- _WHAT IS BEING ASKED_
Print all records exactly, pictures left out.

═════ EXERCISE MATERIAL

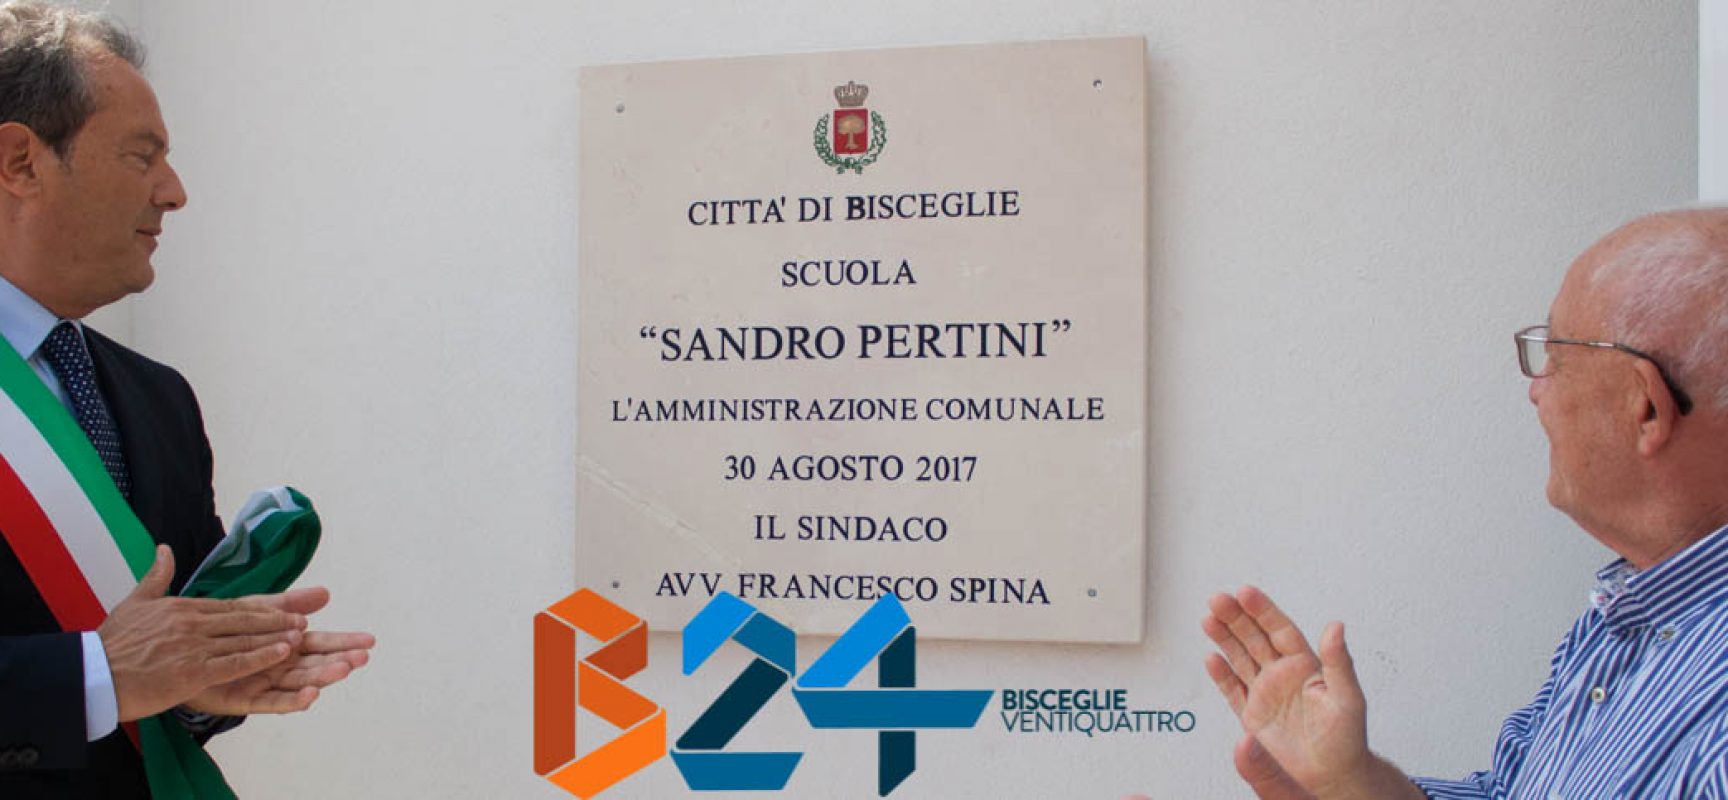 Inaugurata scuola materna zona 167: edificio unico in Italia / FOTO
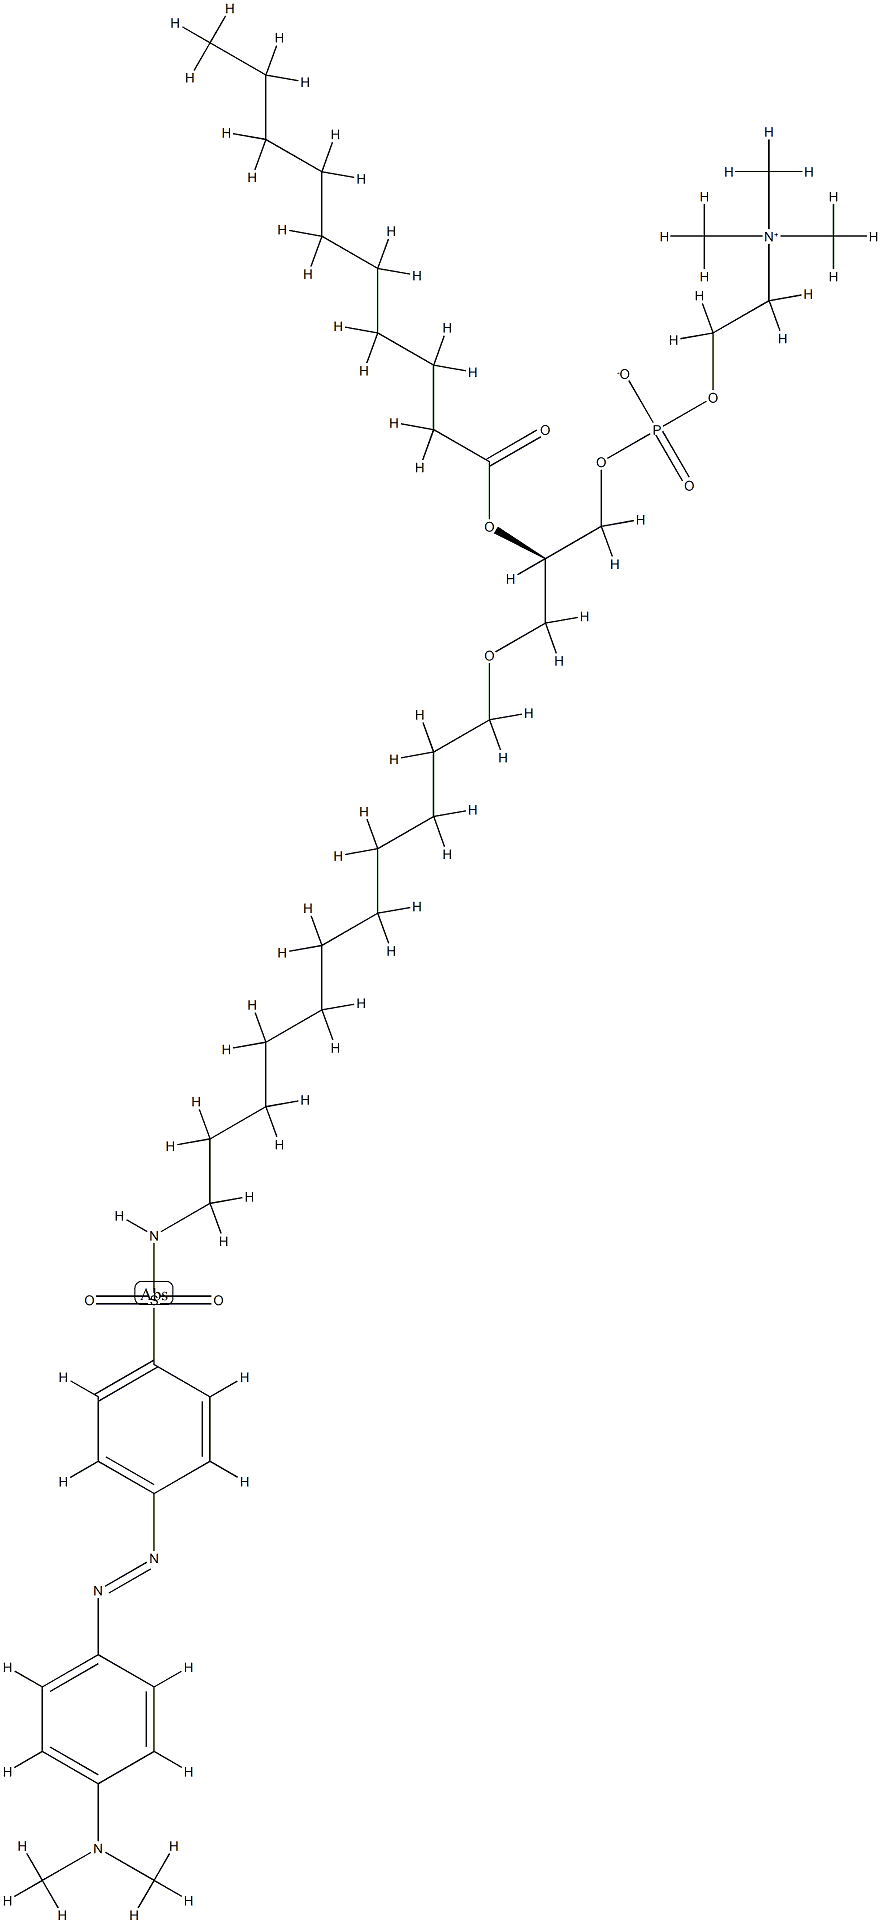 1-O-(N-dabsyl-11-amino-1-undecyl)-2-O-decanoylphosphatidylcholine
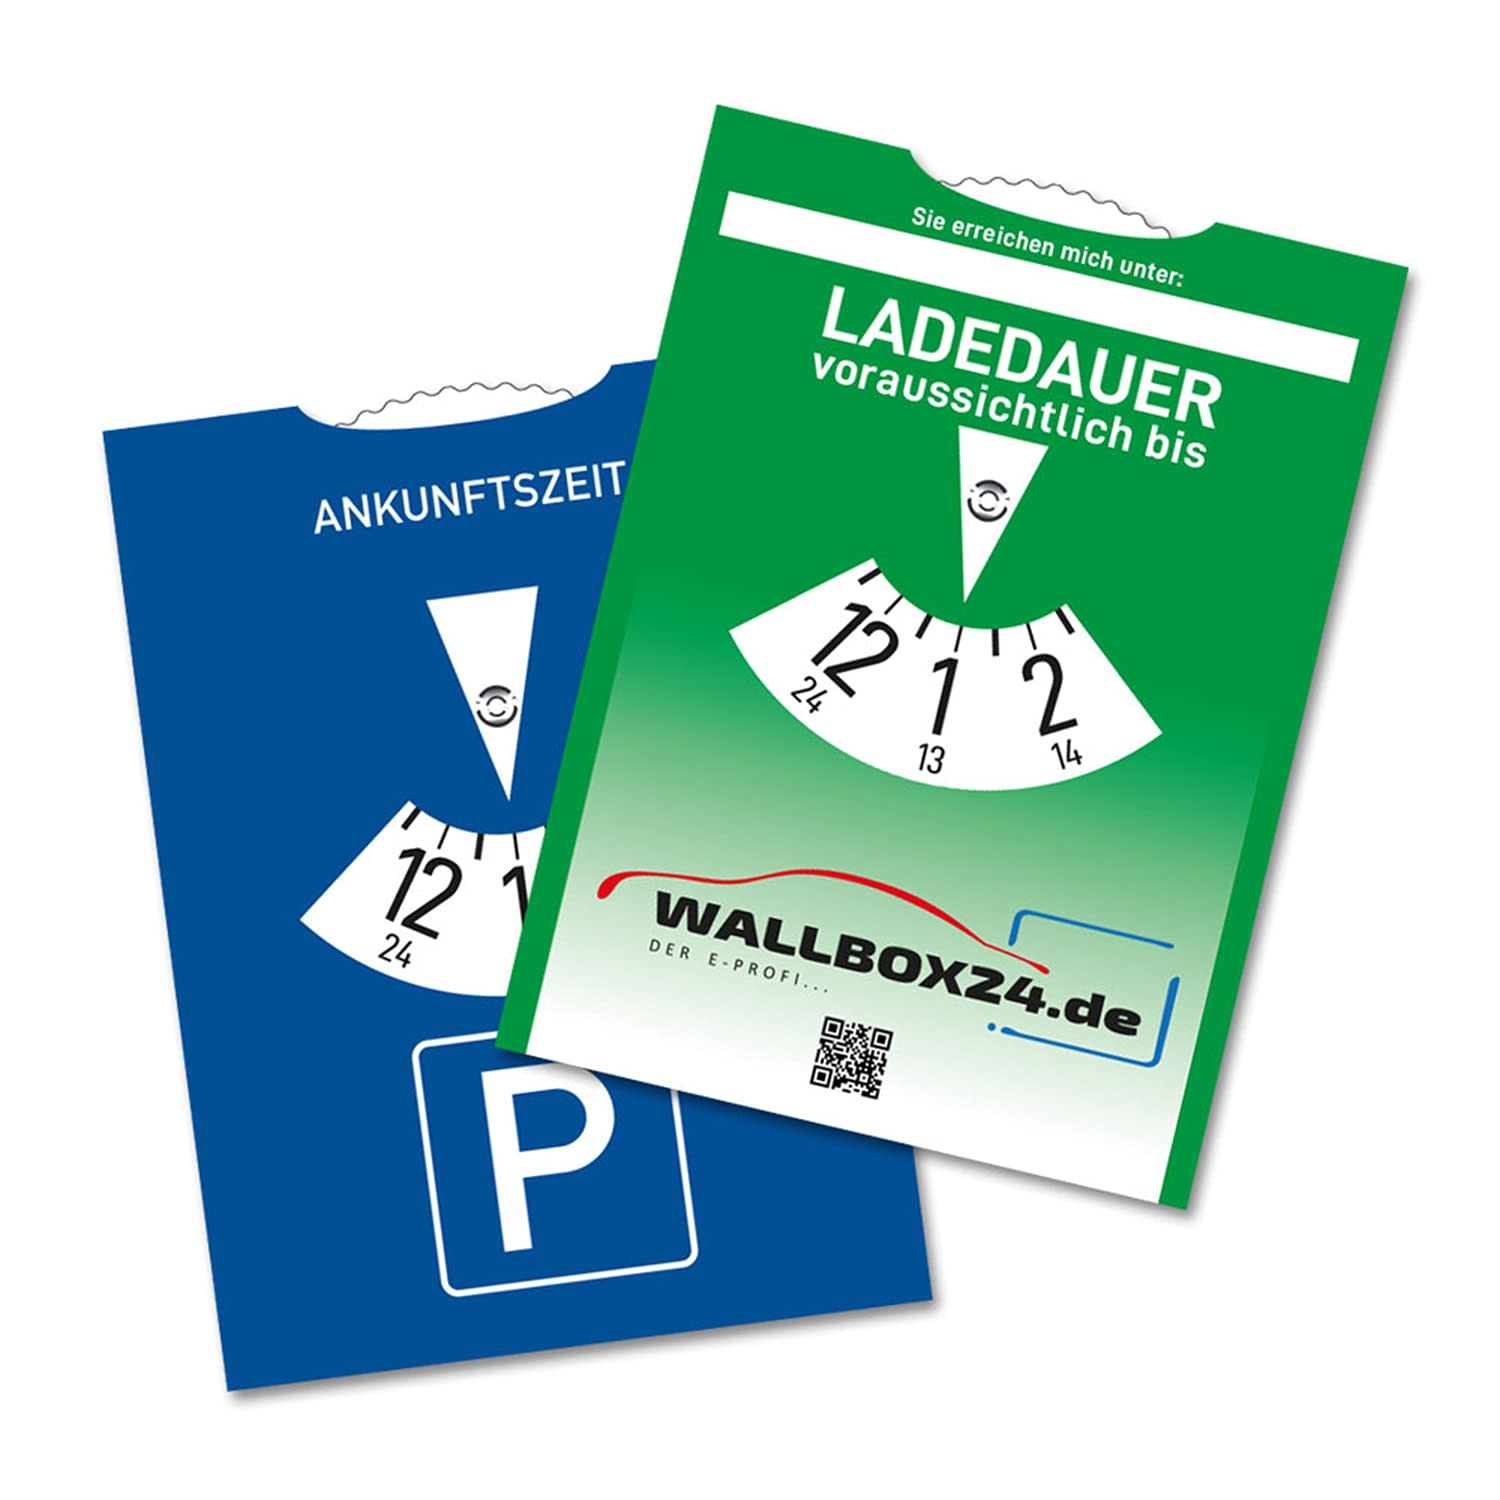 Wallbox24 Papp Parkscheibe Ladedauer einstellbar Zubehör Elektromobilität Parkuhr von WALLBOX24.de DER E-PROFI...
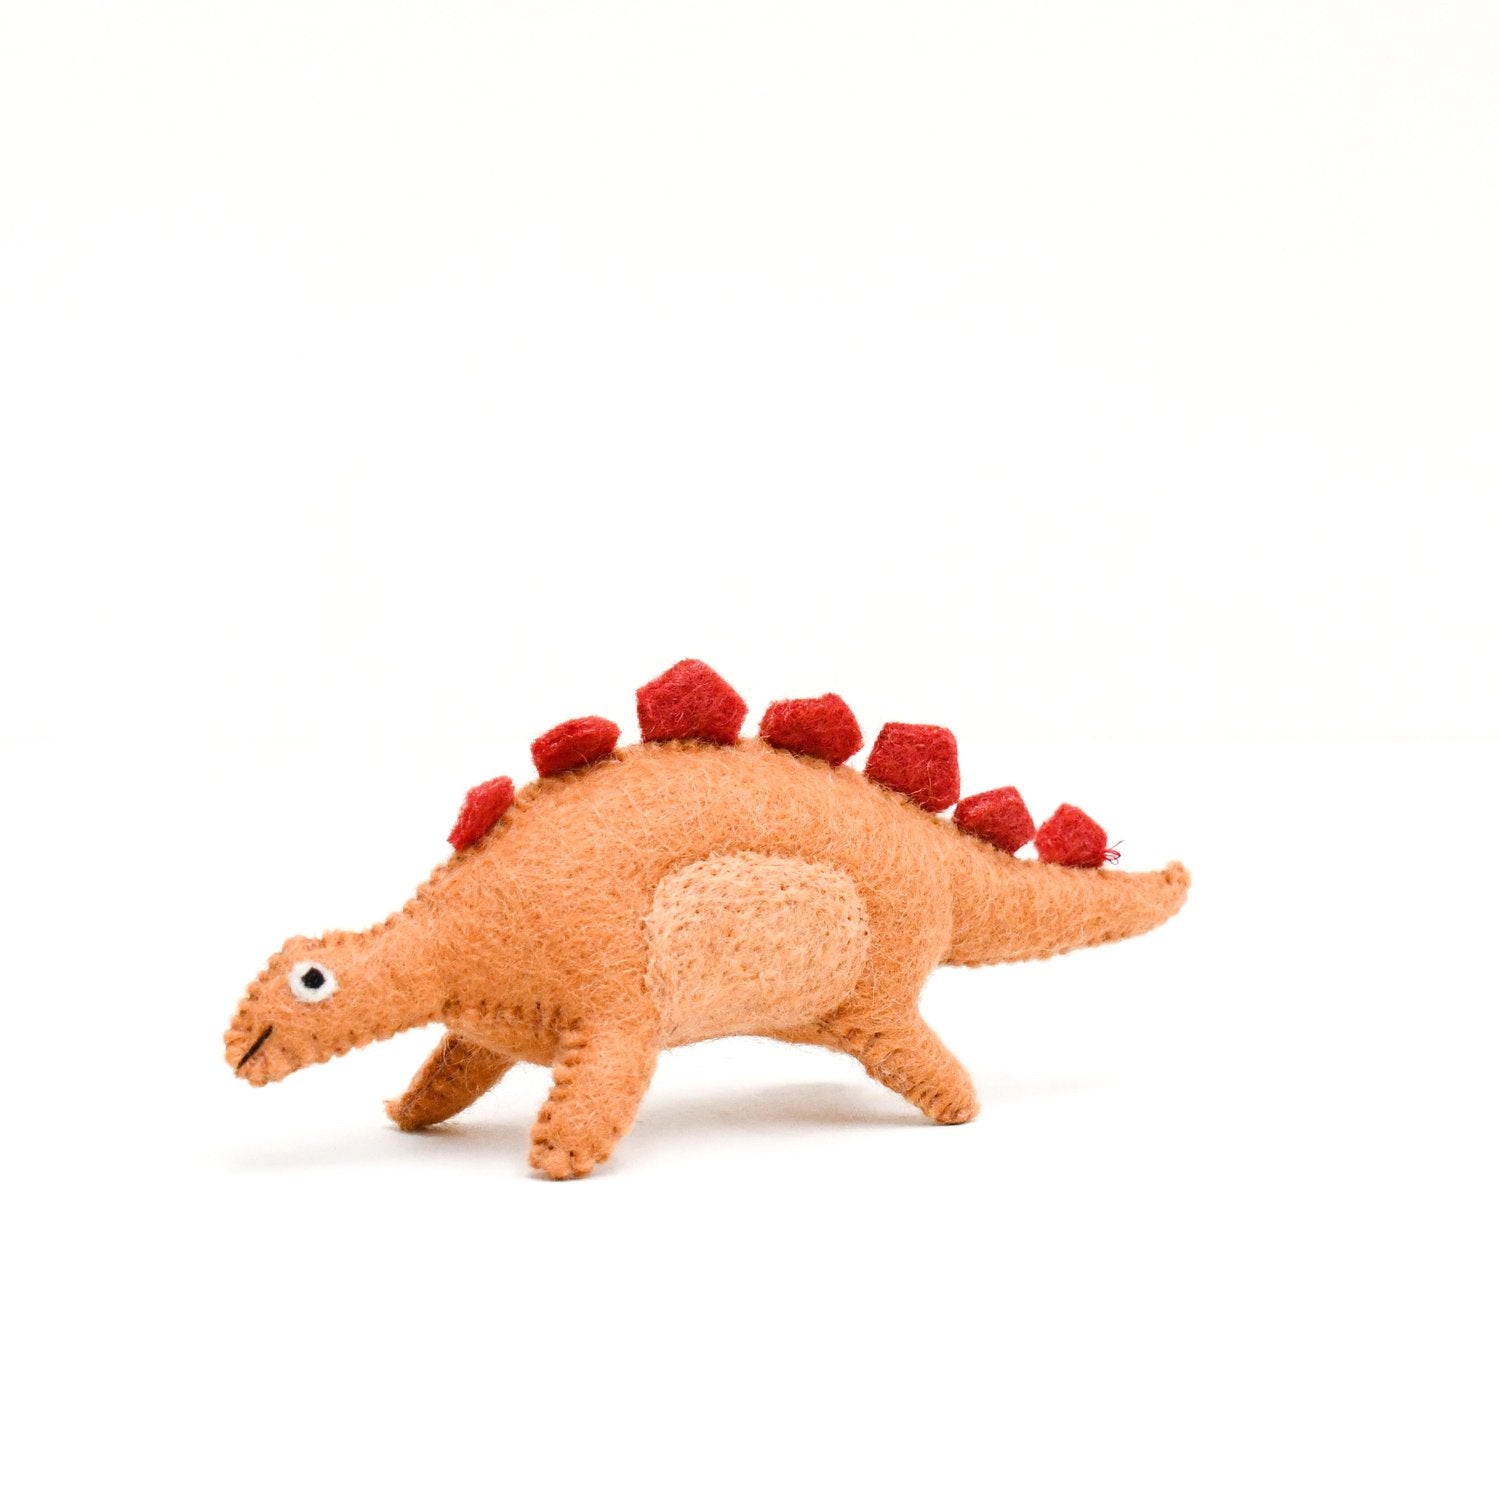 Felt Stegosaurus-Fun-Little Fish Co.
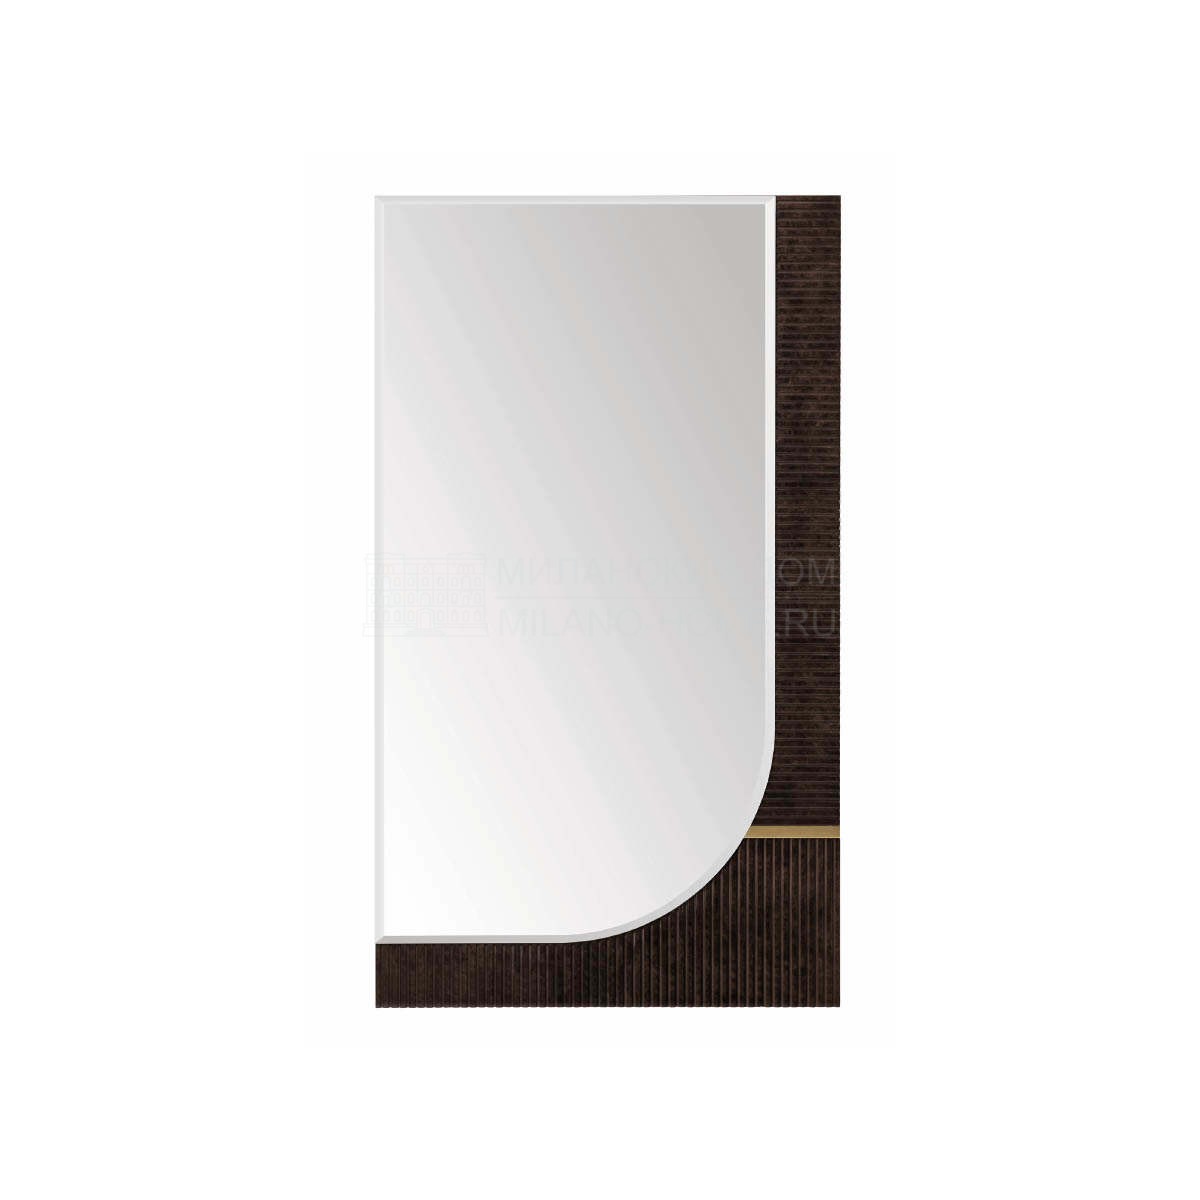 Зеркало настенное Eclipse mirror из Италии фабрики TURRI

══════════

- _OUTPUT BELOW_
 Inaugurata scuola materna zona 167: edificio unico in Italia / FOTO
 1-O-(N-dabsyl-11-amino-1-undecyl)-2-O-decanoylphosphatidylcholine
 Wallbox24 Papp Parkscheibe Ladedauer einstellbar Zubehör Elektromobilität Parkuhr von WALLBOX24.de DER E-PROFI...
 Felt Stegosaurus-Fun-Little Fish Co.
 Зеркало настенное Eclipse mirror из Италии фабрики TURRI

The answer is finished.